La bonne sortie n’est pas celle qui impressionne, mais celle dont vous sortez avec la sensation d’avoir gardé le contrôle. Une via ferrata facile réussie prépare bien mieux à la suivante qu’un parcours subi.

En pratique

Pour votre prochaine sortie, choisissez un itinéraire facile et court, consultez les conditions du jour et faites vérifier votre équipement par un professionnel. Répétez le passage des ancrages au sol, partez avec un partenaire patient ou un encadrant, puis avancez par objectifs très courts : un appui, un ancrage, une respiration.

Si la peur monte, arrêtez-vous dans une zone sûre, regardez la paroi plutôt que le vide, expirez lentement et communiquez.
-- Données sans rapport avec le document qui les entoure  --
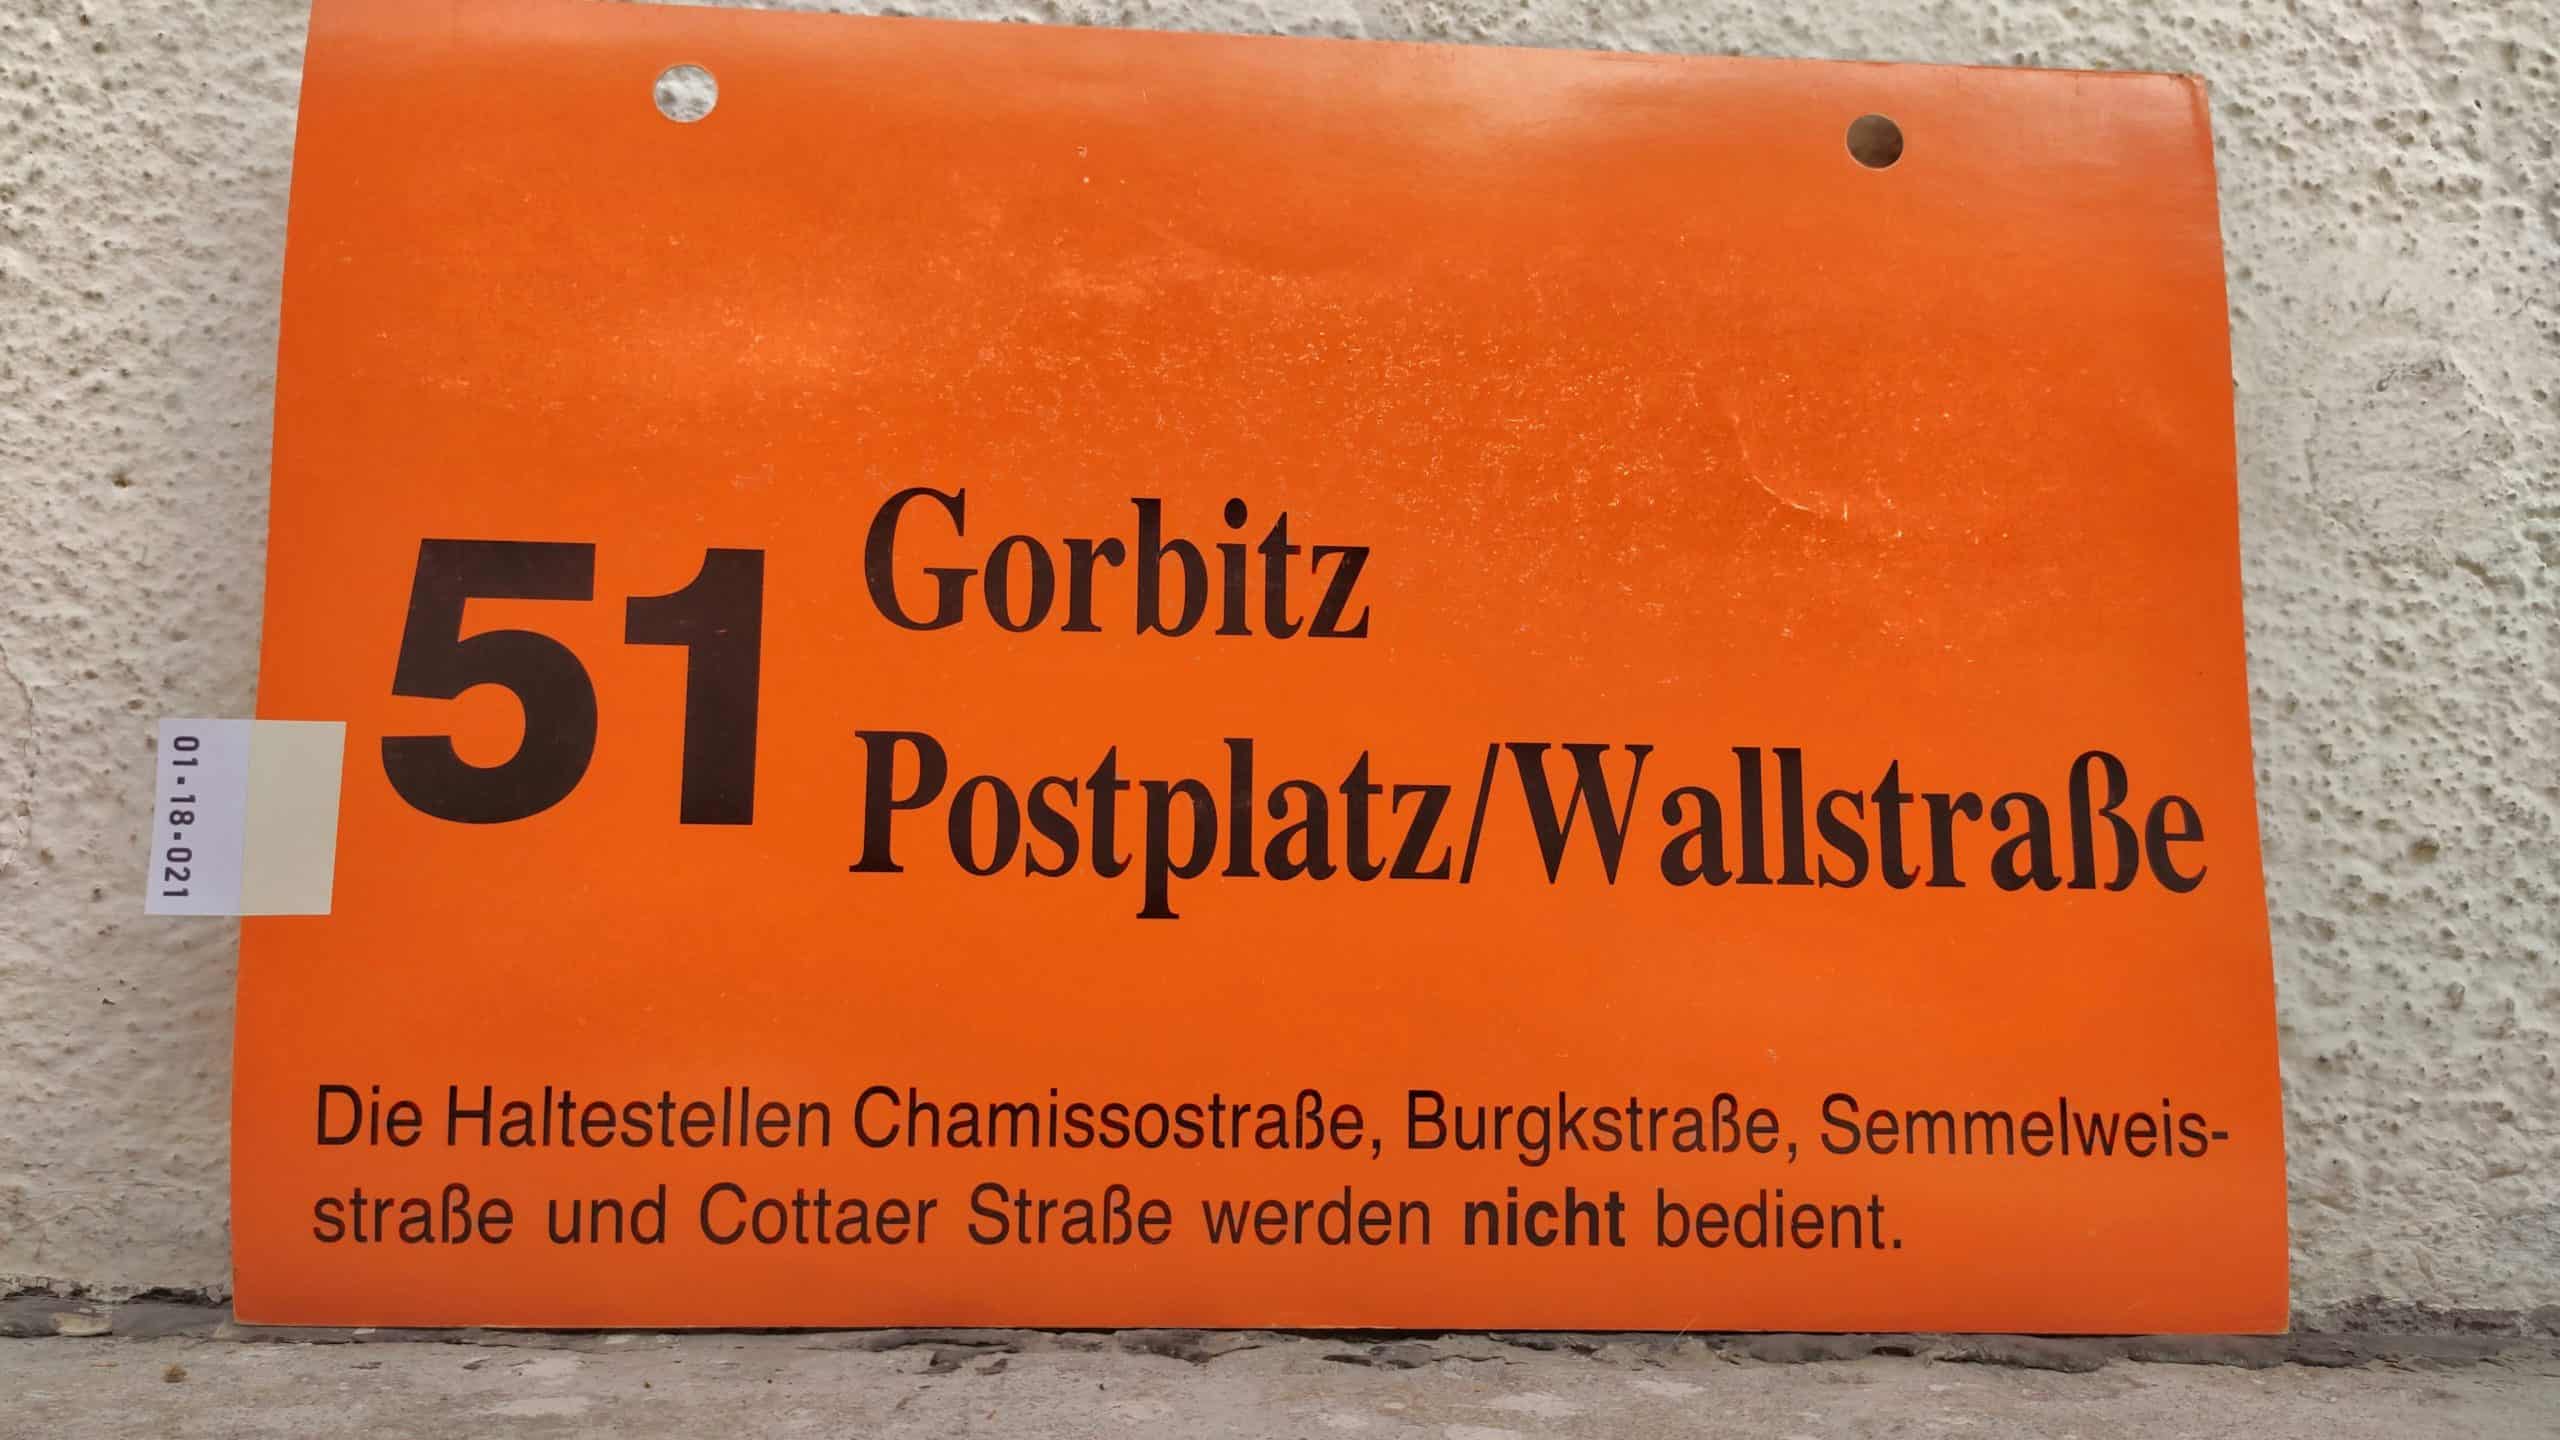 51 Gorbitz – Postplatz/Wallstraße

La progression, le renoncement et la demande d’aide font tous partie d’une pratique responsable de la via ferrata.

Questions fréquentes

Peut-on faire de la via ferrata quand on a peur du vide ?

Oui, si cette peur reste gérable et que vous choisissez un itinéraire adapté. Commencez par une via ferrata facile, courte et peu aérienne, idéalement avec un professionnel ou un partenaire expérimenté. En revanche, un vrai vertige avec sensation de rotation, malaise ou perte d’équilibre mérite un avis médical avant la sortie.

Quelle cotation choisir pour une première via ferrata ?

Choisissez le niveau le plus facile proposé localement, mais lisez aussi la description du profil, de la durée, des ponts et des échappatoires. Les systèmes de cotation ne sont pas tous identiques et un parcours facile peut tout de même être très exposé. Les informations actualisées du gestionnaire du site priment sur une ancienne fiche en ligne.

Comment passer un ancrage en via ferrata sans se détacher ?

Arrêtez-vous dans une position stable, déplacez un premier mousqueton au-delà de l’ancrage puis vérifiez sa fermeture. Déplacez seulement ensuite le second mousqueton. Au moins un mousqueton doit rester relié au câble pendant toute la manipulation, en respectant la notice de votre longe.

Que faire si je panique au milieu d’une via ferrata ?

Ne vous déclippez pas et essayez de rejoindre ou de conserver une zone stable. Prévenez votre partenaire, ralentissez votre respiration et utilisez une échappatoire balisée si elle est accessible en sécurité. Si vous ne pouvez plus avancer ou reculer sans risque, alertez les secours plutôt que d’improviser une manœuvre.

Un guide est-il utile pour vaincre le vertige en via ferrata ?

Oui, un encadrement qualifié est très utile lors d’une première expérience ou en cas de forte appréhension. Le professionnel vérifie l’équipement, corrige la technique de franchissement et peut proposer une progression adaptée au niveau réel du groupe. Il ne supprime pas le vide, mais il réduit les incertitudes qui alimentent souvent la peur.

Faut-il être très sportif pour faire une via ferrata ?

Il n’est pas nécessaire d’être un grimpeur confirmé pour un itinéraire facile, mais il faut pouvoir marcher sur un terrain parfois raide, monter des échelons et rester concentré pendant plusieurs heures. Une condition physique modeste mais régulière, de bonnes chaussures et un parcours bien choisi comptent davantage que la force des bras. En cas de doute sur votre santé ou votre capacité à l’effort, demandez conseil à un professionnel de santé.